Canada completed the ratification process for the MLI when it deposited its instrument of ratification with the OCED on August 29, 2019, with the result that the MLI came into force for Canada on December 1, 2019. However, the MLI will only begin to modify the terms of a particular tax treaty if the MLI has also come into force for the other party to the particular tax treaty. In this regard, the MLI is now in force for a number of Canada’s treaties, including the United Kingdom, France, Luxembourg and the Netherlands.
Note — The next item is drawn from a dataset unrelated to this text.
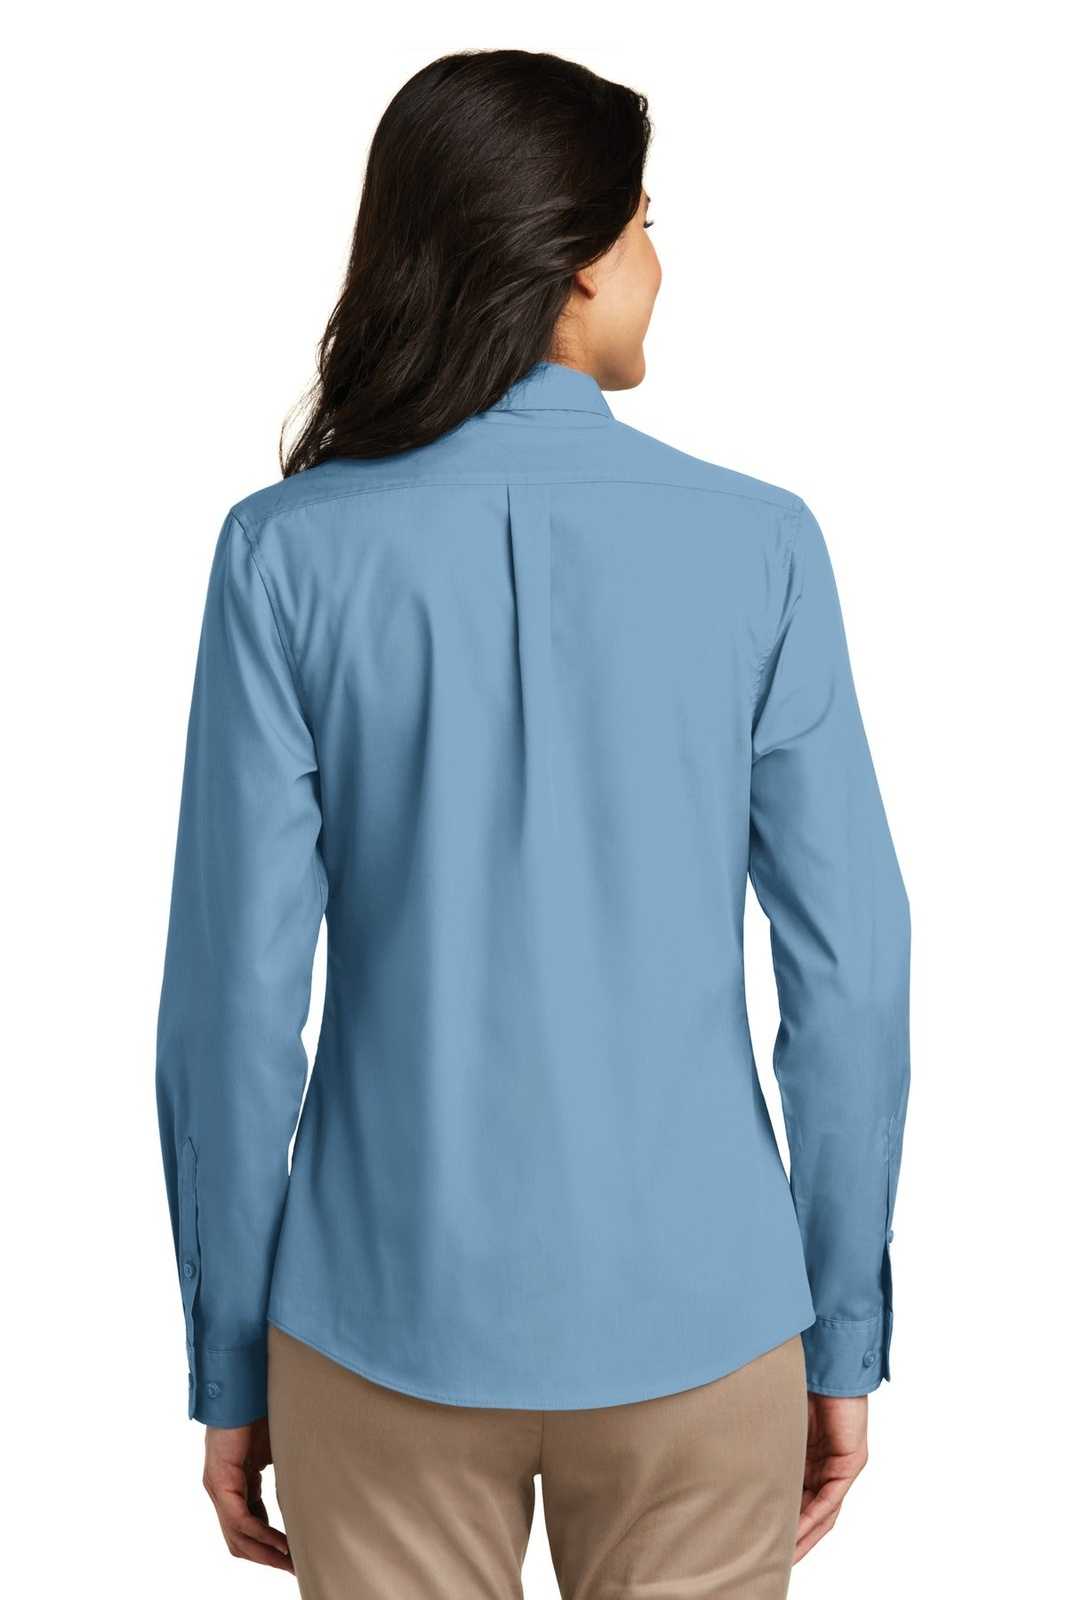 Port Authority LW100 Ladies Long Sleeve Carefree Poplin Shirt - Carolina Blue - HIT a Double - 2

Once in force for a particular tax treaty, the MLI will come into effect in accordance with the following rules.
- Withholding taxes: Effective for transactions giving rise to withholding taxes on payments to non-residents on or after the first day of the next calendar year that begins on or after the latest of the dates on which the MLI comes into force for each of the contracting parties to the particular tax treaty.
- Other taxes: Effective for other taxes levied by a contracting party with respect to taxable periods beginning on or after the expiration of six calendar months from the latest of the dates on which the MLI comes into force for each of the contracting parties to the particular tax treaty.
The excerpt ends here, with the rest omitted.